MCHS Weekly Newsletter: Week of October 5
In the real world, they can't go on this beach vacation because they are too busy teaching kids numeracy--and I can't afford it because I'm not Bill Gates. Math teachers have been banged up in the press, in our schools, and in our classrooms. I think it's time to stop and take a look at the world of math and what all of these "numbers" truly mean.
So many of us, teachers and community members included, look at the EOC pass rate for subjects to determine how well our kids did that year. It's okay to take a preliminary glance at what's going on, but we should not stop there. For example, if a subject test has a pass rate of 93%, we think that's pretty good. If it has a pass rate of 37%, we stop the presses and demand answers for this poor performance. What we often fail to look at is the state target data and how our scores compare.
Enter the CCRPI (College Career Ready Performance Index) and SGPs (Student Growth Percentiles)--how educators love acronyms. While we are still waiting for our EOC scores from the 2014-15 school year, we can do a little digging in the 2013-14 data. When we dig, what we find is that, yes, our Coordinate Algebra scores reported an average of 37% (state target was 45.1%) and our Analytical Geometry scores reported an average of 35.3% (state target was 40.3%); however, this data is nowhere near a reflection of student achievement in math. Also, please note the state target and how low it is in comparison to the state target percentiles in all other subject EOCs.
CCRPI will continually focus on student growth; this is what is paramount--where did a student begin and how much did they improve. When we start to drill down to median student growth percentiles for each subject, we find Coordinate Algebra at 54% and Analytic Geometry at 47%. These two math classes make up the top four classes in regards to highest SGPs. Yep, math is rocking it!
What the rest of us also need to know is that math has been the guinea pig of testing in the state of Georgia. They have moved their testing to compare much more to current NAEP (National Assessment of Educational Progress) scores, which means our math scores are more aligned with how students across the country are scoring. Our math teachers deserve that coconut juice and more. As our EOC testing comes more in line with NAEP testing across all subject areas, we will all learn a difficult lesson about the definition of proficiency--one that the math teachers have already learned.

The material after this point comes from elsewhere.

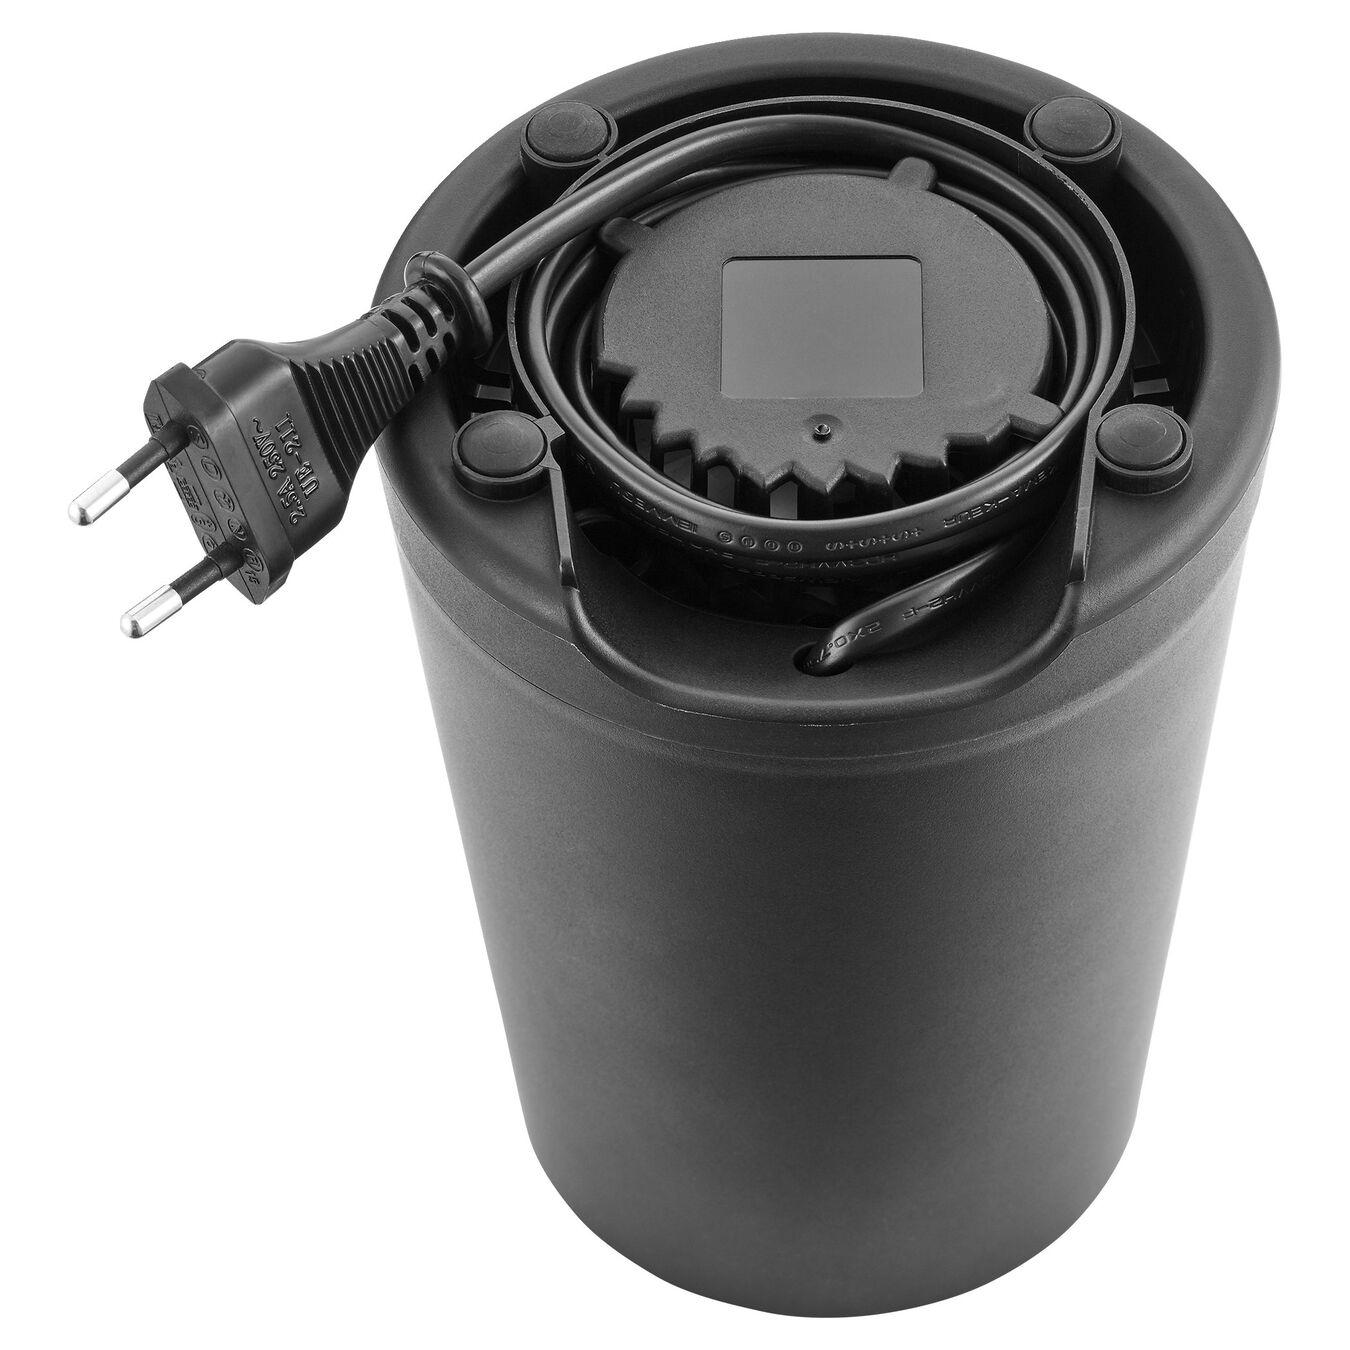 Standmixer, AC Motor, Schwarz,,large 9

Also, remember that the CCRPI has changed its rubric to focus less on achievement and more on growth: achievement is 50%, while growth is 40% (old rubric had achievment at 60% and growth at 25%). Factor in the other 10% as narrowing the achievement gap, which combines the two and you can see that the state is moving toward growth as the major measure. This is good news as we have a little more control over a student's growth than we do in his/her achievement. For example, a student might begin the year not meeting the standards and may end the year still not meeting the standards; however, this child might gain substantial growth. This growth is more heavily rewarded by the new CCRPI rubric.
1) Math teachers deserve kudos for their hard work and perseverance--it is paying off!
2) Don't trust the "overall average score" in determining how well your students are performing. Look at how much growth your students are obtaining in their time with you.
3) Good teaching begets strong growth on tests. Worry about your instruction and your locus of control: your classroom. Don't put too much emphasis on the test. Instead, put your efforts in creating instruction that is standards-based and student centered.
Caught in the Act...AP Teachers
Madison County High School is making great gains with its Advanced Placement (AP) program. In the last three years, MCHS has outperformed students across the state of Georgia on AP tests, and we have also been very competitive with test takers in the global perspective. The average pass rate for MCHS students has increased from 20% of test takers passing tests in 2009 to 61% of test takers passing in 2015.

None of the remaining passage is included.